*Data segment*.
---
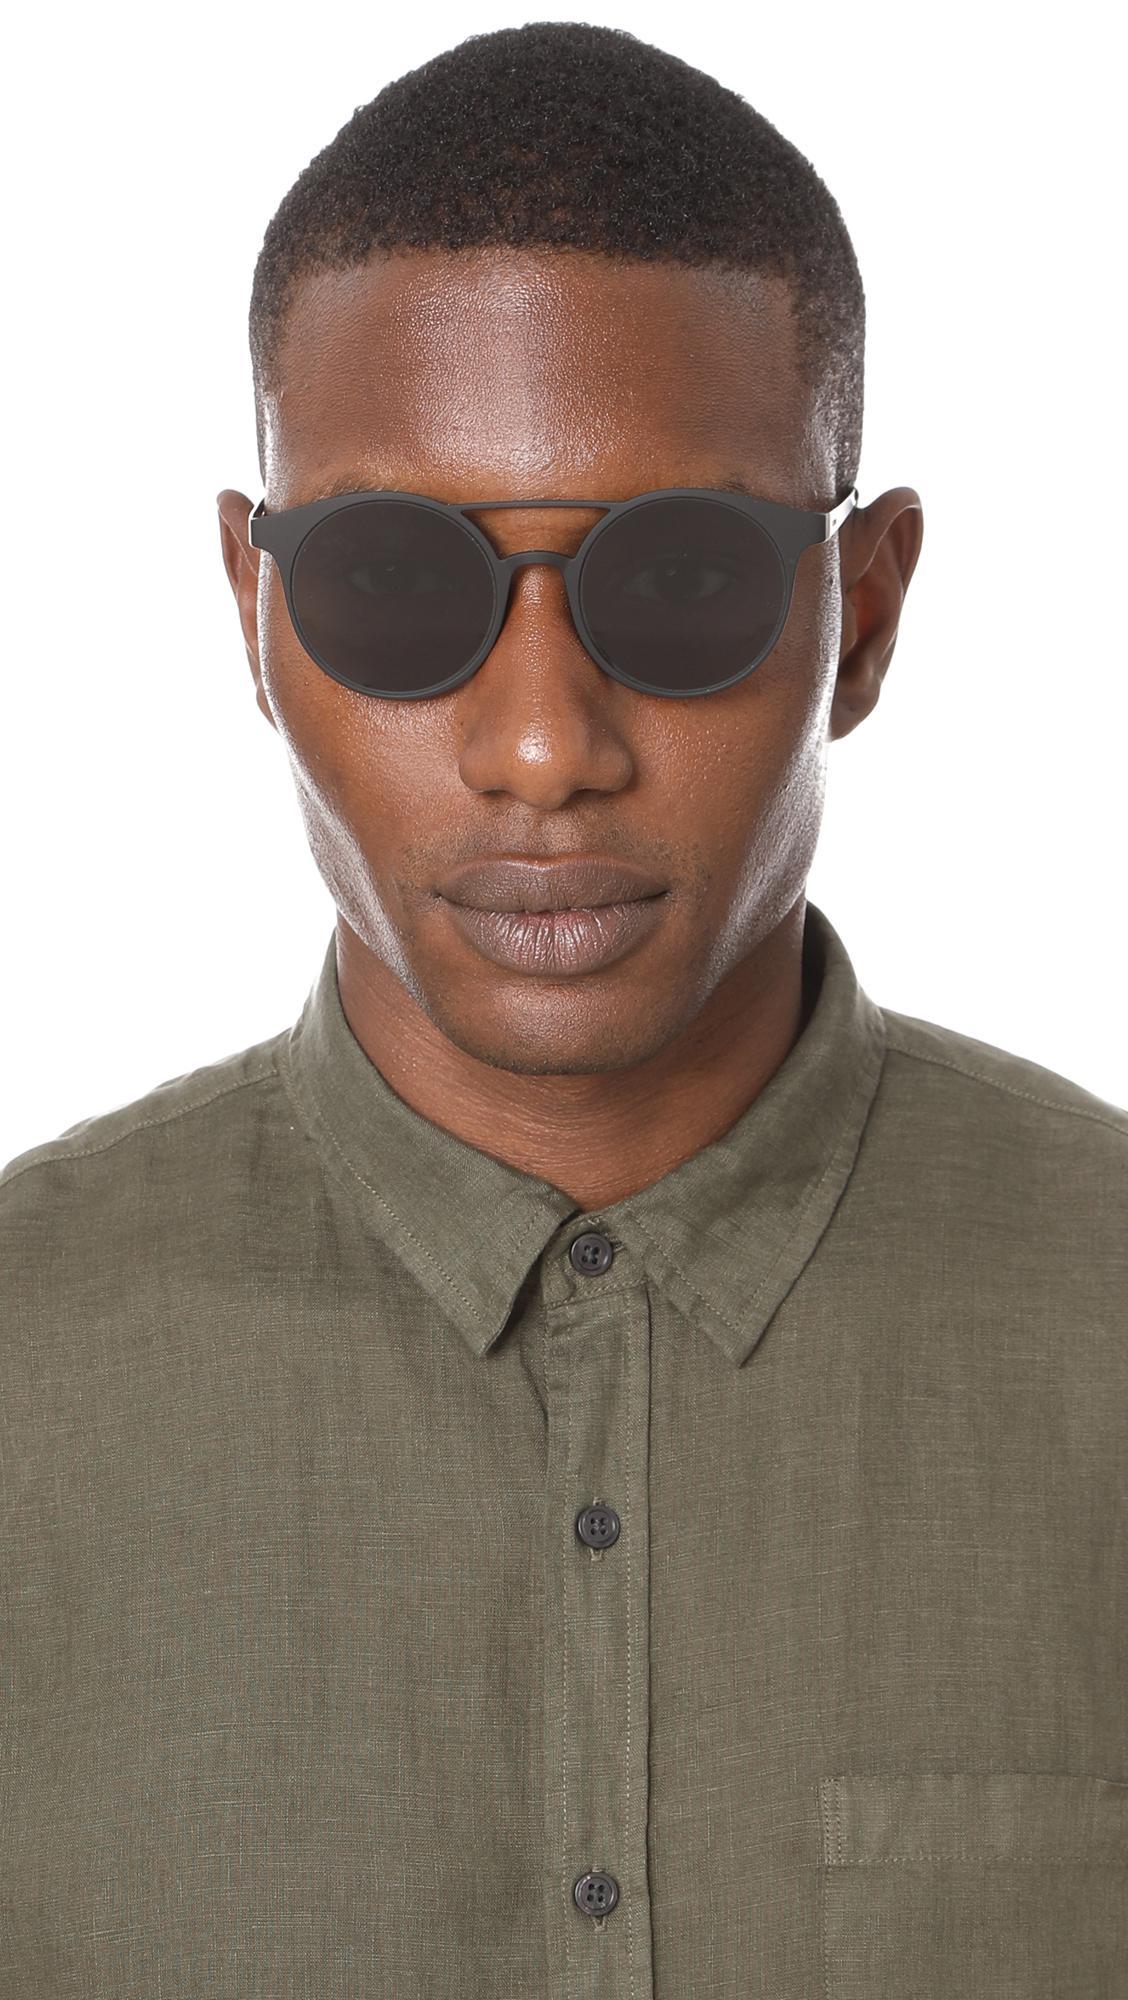 5772c61b86b Le Specs - Black Demo Mode Sunglasses for Men - Lyst. View fullscreen
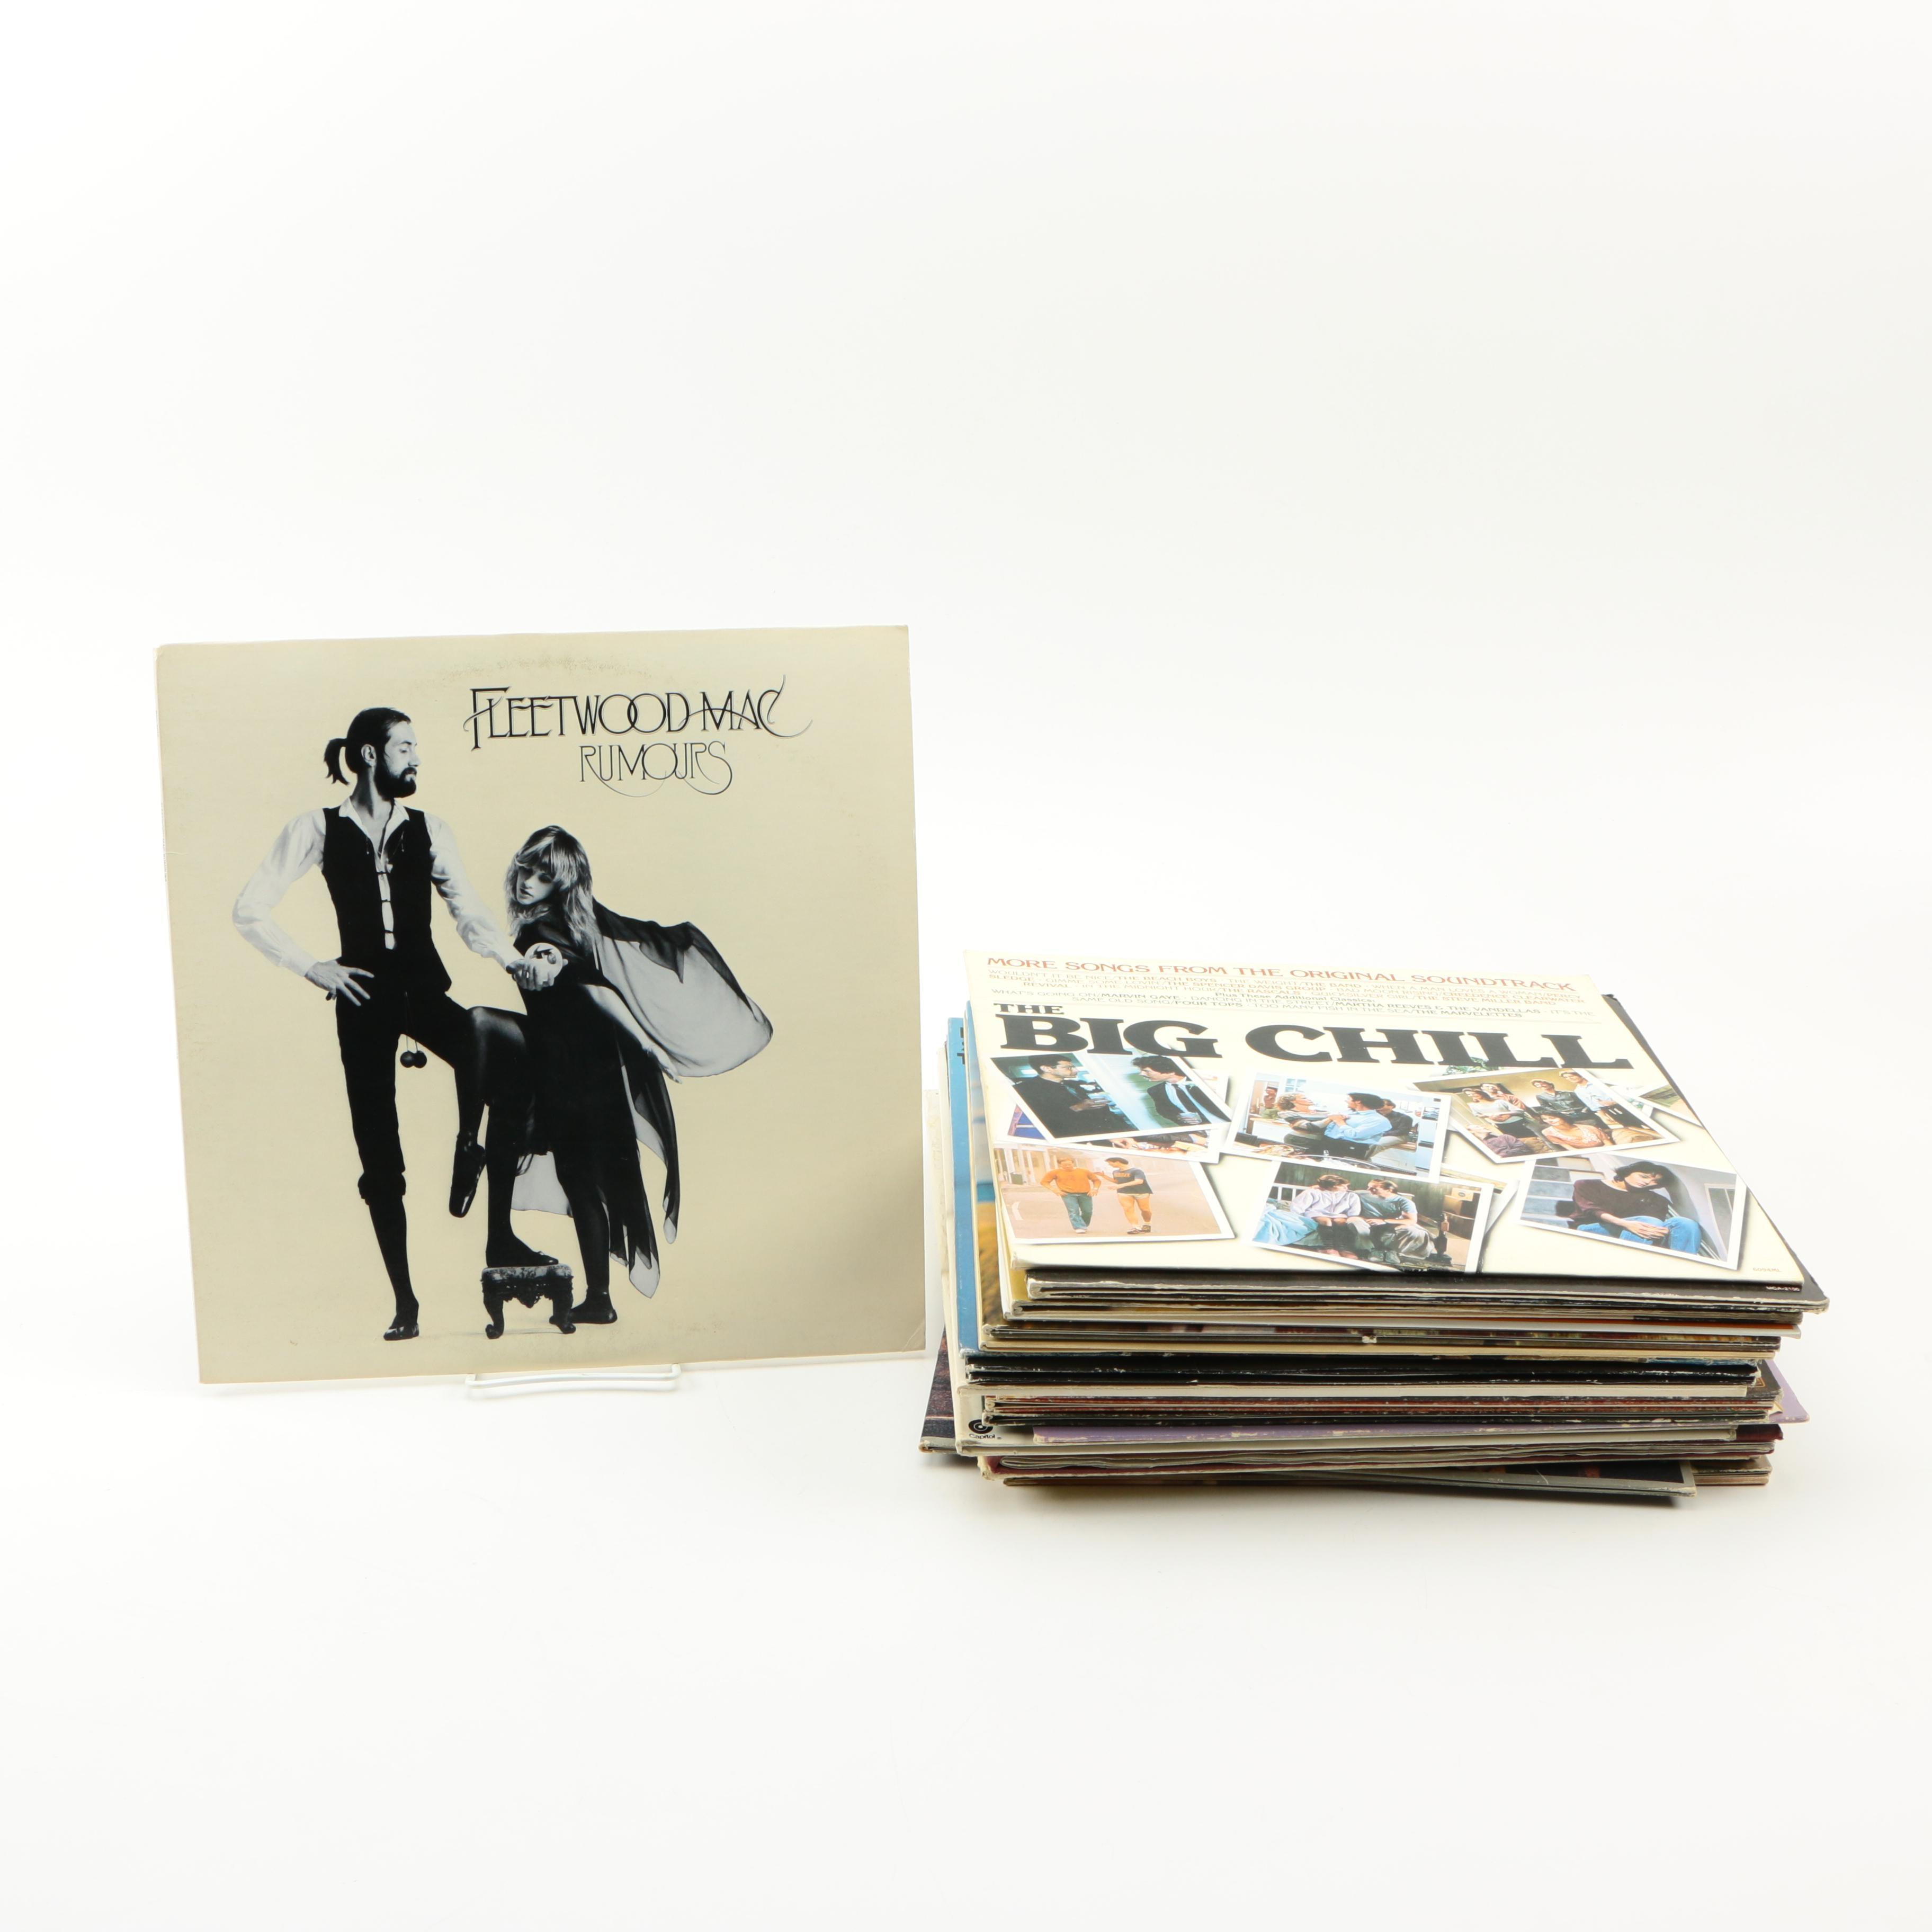 Fleetwood Mac, Paul Simon and Other Rock/Pop LPs
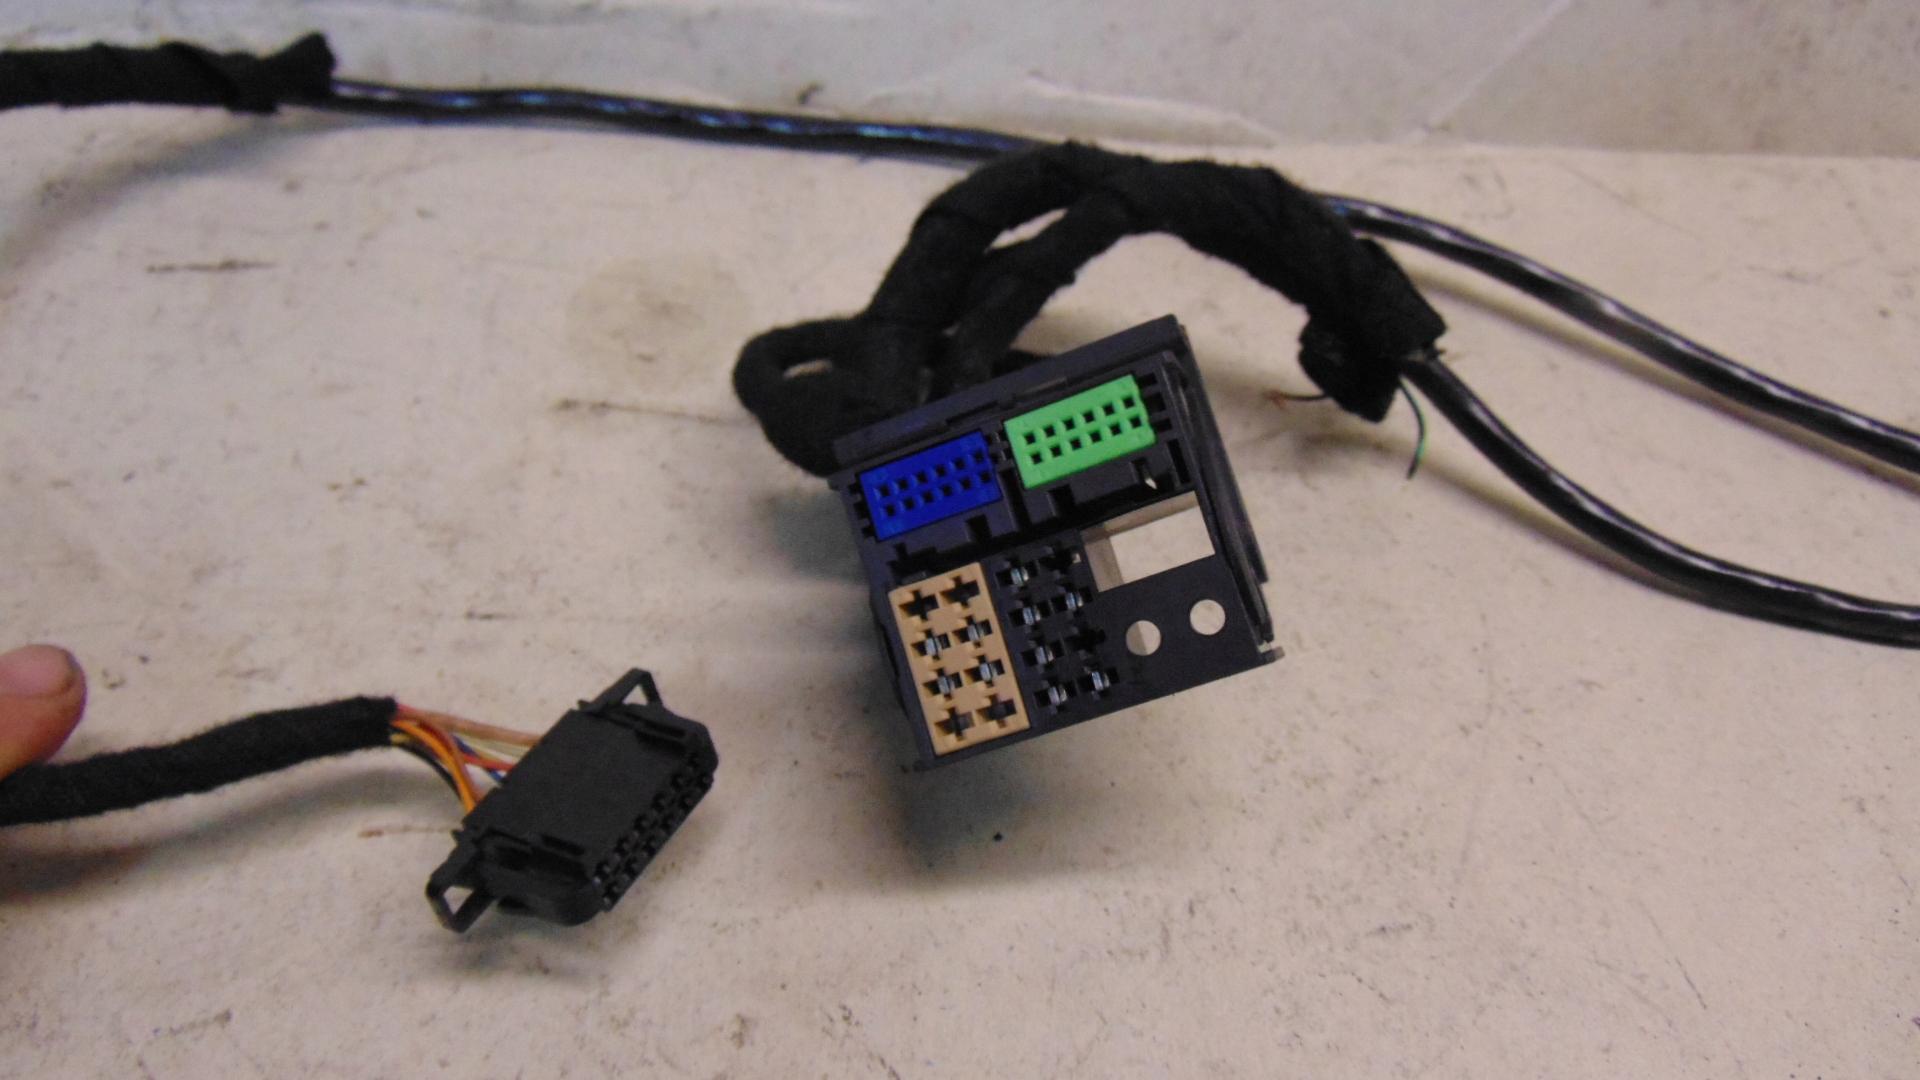 кабель кабель cd-чейнджер navi audi a4 b6 b7 rns-e
---
*Task to carry out*. Go through the listing and restate each line word for word, leaving out the pictures.

*Answer to this problem*.
 5772c61b86b Le Specs - Black Demo Mode Sunglasses for Men - Lyst. View fullscreen
 Fleetwood Mac, Paul Simon and Other Rock/Pop LPs
 кабель кабель cd-чейнджер navi audi a4 b6 b7 rns-e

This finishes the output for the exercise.